In this section and the following ones, we will generate public–private key pairs, and use them to transfer encrypted content in exactly the way Alice and Bob could, in the previous exercise.

Save the following as keygen.py:

import nacl.utils
from nacl.public import PrivateKey
from nacl.encoding import HexEncoder

def write(name, hex, suffix):
    filename = 'key_' + name + suffix 
    with open(filename, 'wb') as ofp:
      ofp.write(hex)

def make_keys(name):
    secretKey = PrivateKey.generate()
    write(name, secretKey.encode(encoder=HexEncoder), '.sk')
    publicKey = secretKey.public_key
    write(name, publicKey.encode(encoder=HexEncoder), '.pk')

key_name = input("Enter a name for the key pair to generate: ")

make_keys(key_name)

Run it by executing python3 keygen.py, and entering a name (this could be a particular purpose you’re generating the key pair for – for instance, secret-hushmoney-communications-with-my-accountant – or just your own name).

This will generate two files, key_[NAME].sk and key_[NAME].pk, which hold our private and public keys, respectively. If you inspect those files (e.g. by using less) you will see that they simply contain a long sequence of hexadecimal digits.

In detail, here’s how the code works:

The secret key (in the “.sk” file) can be used by the user, you, to encrypt, decrypt and sign messages. The public key (in the “.pk” file) can be published to others, and can be used by other people to encrypt messages written to you, or decrypt messages written by you.
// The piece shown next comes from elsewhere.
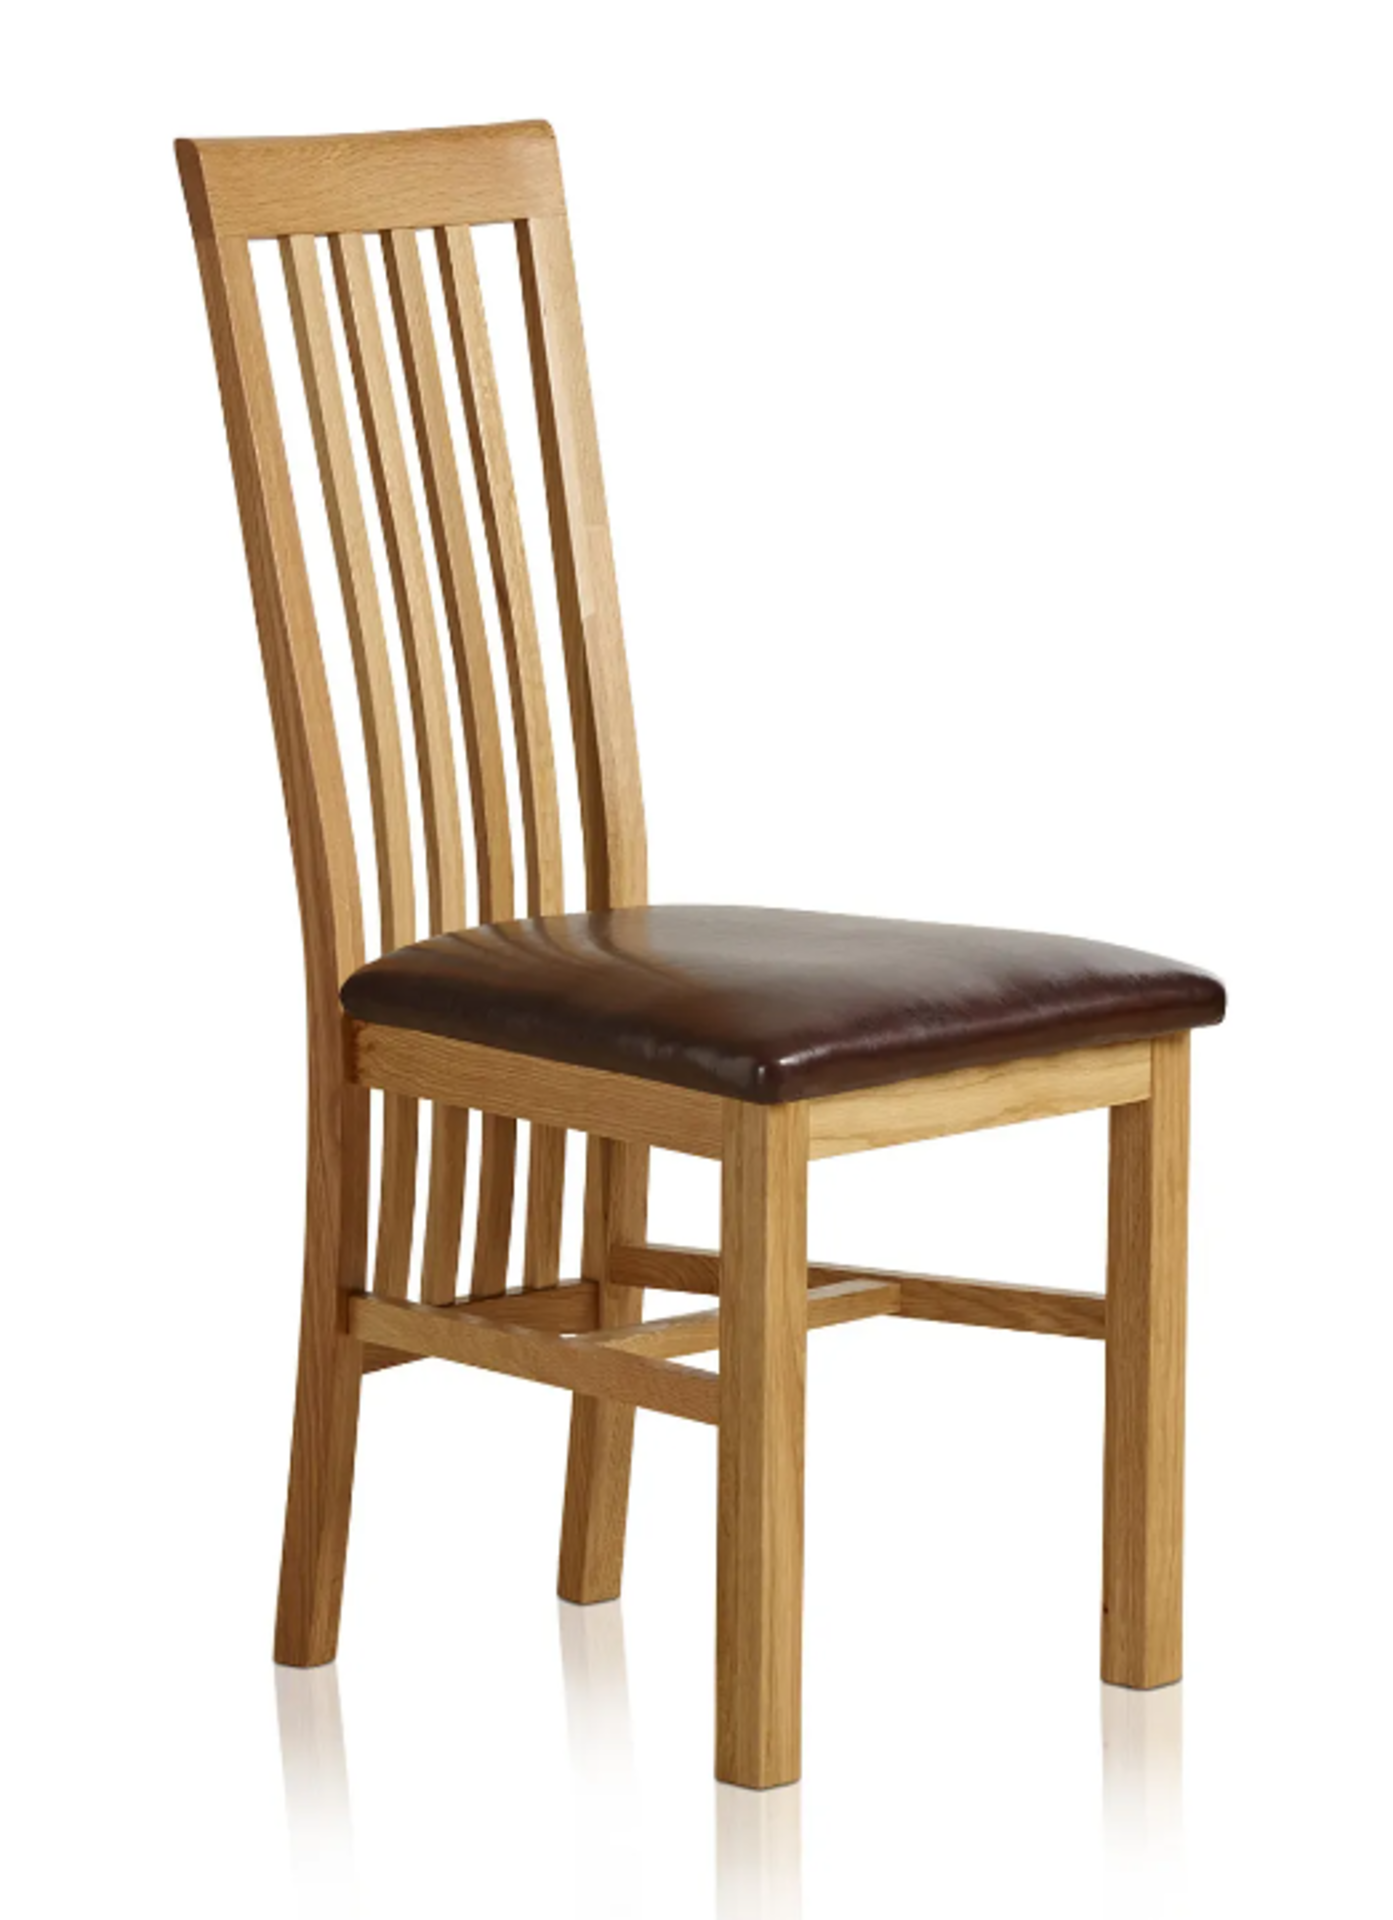 Pair of SLAT BACK NATURAL OAK Dining Chair. RRP £195.00. The Slat Back Natural Solid Oak perfectly

1.2. Using the key pair to encrypt

If possible, get another person in the lab to generate a key pair, and exchange public keys. Alternatively, create a second key pair with a different name (e.g. “other”), and choose this to be the “other person”.

Encrypt a message using the recipient’s public key and your private key. Save the following script as encrypt.py:

import nacl.utils
from nacl.public import PrivateKey, PublicKey, Box
from nacl.encoding import HexEncoder

class EncryptFile :
    def __init__(self, sender, receiver):
        self.sender = sender
        self.receiver = receiver
        self.sk = PrivateKey(self.get_key(sender, '.sk'), encoder=HexEncoder)
        self.pk = PublicKey(self.get_key(receiver, '.pk'), encoder=HexEncoder)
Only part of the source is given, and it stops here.